Global fund suspends anti-AIDS grants

UGANDA: Global fund suspends anti-AIDS grants


©  Global Fund

The fund wants to see better control of programmes

KAMPALA, 24 Aug 2005 (PLUSNEWS) - The Global Fund to Fight AIDS, Tuberculosis and Malaria announced on Wednesday a suspension of all its grants to Uganda due to "evidence of serious mismanagement" of the funds.

Ugandan health minister Jim Muhwezi said the suspension would disrupt the country's hitherto successful anti-AIDS campaign.

"I have got that communication," Muhwezi told IRIN on Wednesday. "They are concerned about certain issues that they want clarified, and so they have suspended grants to us."

He added: "It is a disruption of the anti-AIDS programme, but we hope that we can be able to sort out what they want in a short time."

The fund said it had suspended the grants until the Ugandan Ministry of Finance put in place a new structure that would guarantee the effective management of the funds.

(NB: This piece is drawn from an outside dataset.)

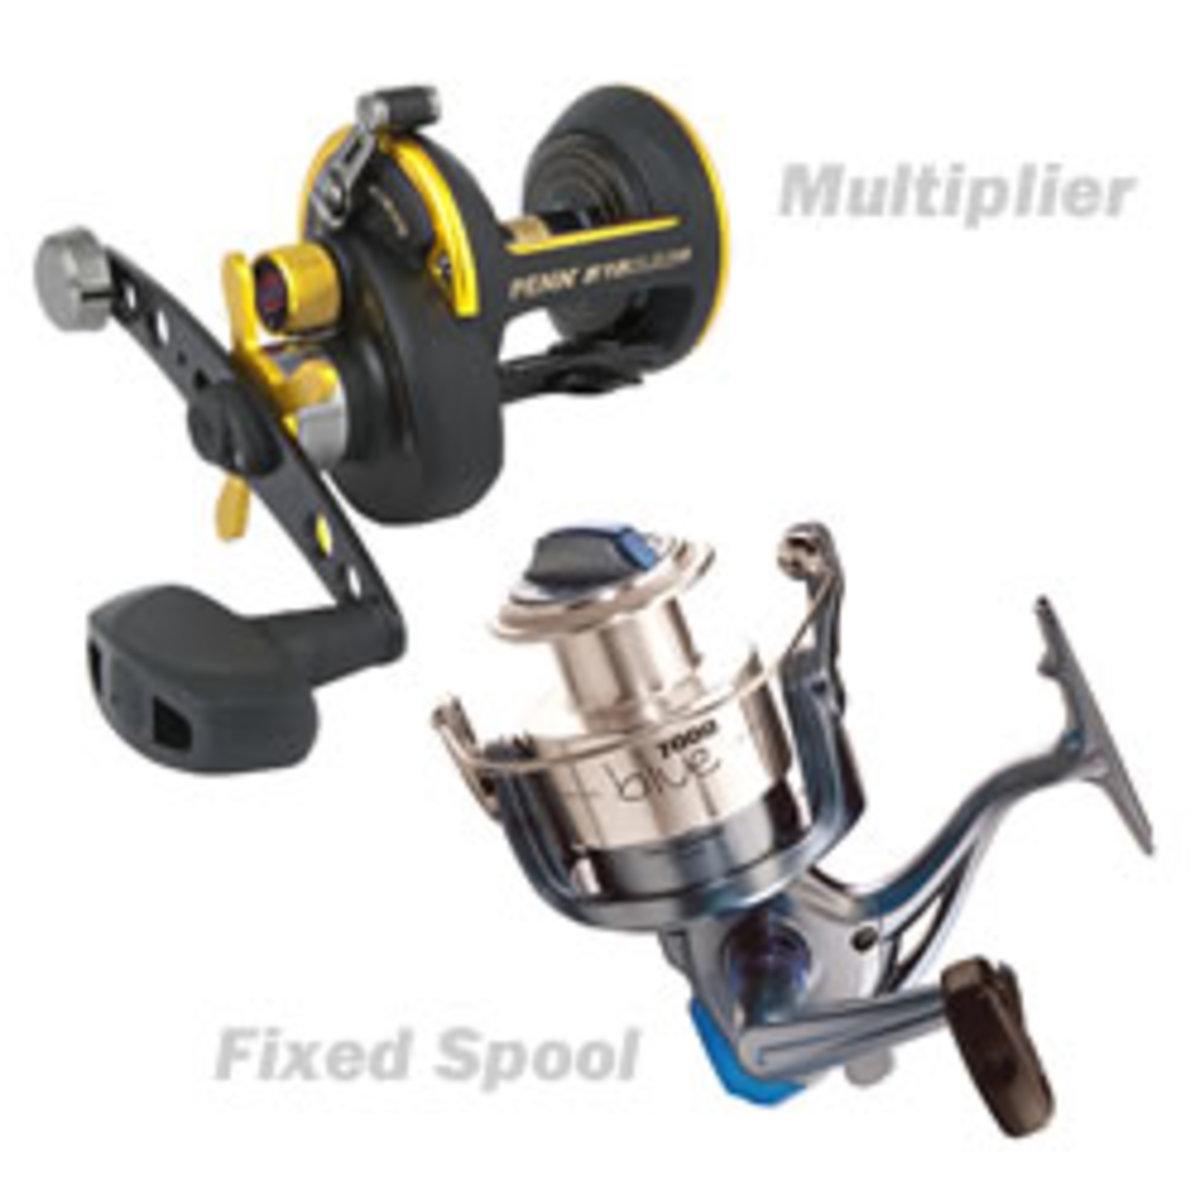 Multiplier or Fixed Spool Reel?

In a statement issued from its headquarters in Geneva, Switzerland, the fund said the decision was based on a review of one of the five grants - undertaken by PricewaterhouseCoopers - that revealed "evidence of serious mismanagement by the Project Management Unit (PMU) in the Ministry of Health".

It added: "The PMU has been responsible for overseeing the implementation of Global Fund programmes in Uganda. While the review centered on the Round 1 HIV/AIDS grant, the same PMU manages all five grants, and to minimise risk all five have been temporarily suspended."

"The other grants include a second grant for HIV/AIDS, two grants to combat malaria, and one grant targeting tuberculosis. These grants are worth a total of US $201 million over two years, of which $45.4 million has been disbursed to date."

The fund requested the Ugandan finance ministry to come up with a plan by the end of October for re-structured implementation arrangements for all grant-funded programmes.

However, the fund added, arrangements were being put in place to continue funding life-saving treatment and prevention activities such as the procurement and distribution of condoms.

Uganda has won international praise for its aggressive campaign against HIV/AIDS, managing to bring levels down from more than 20 percent in the 1980s, to its current 7 percent prevalence rate.

The East African country is, however, still confronted with a serious HIV/AIDS epidemic and about 1.2 million of its people are living with the disease.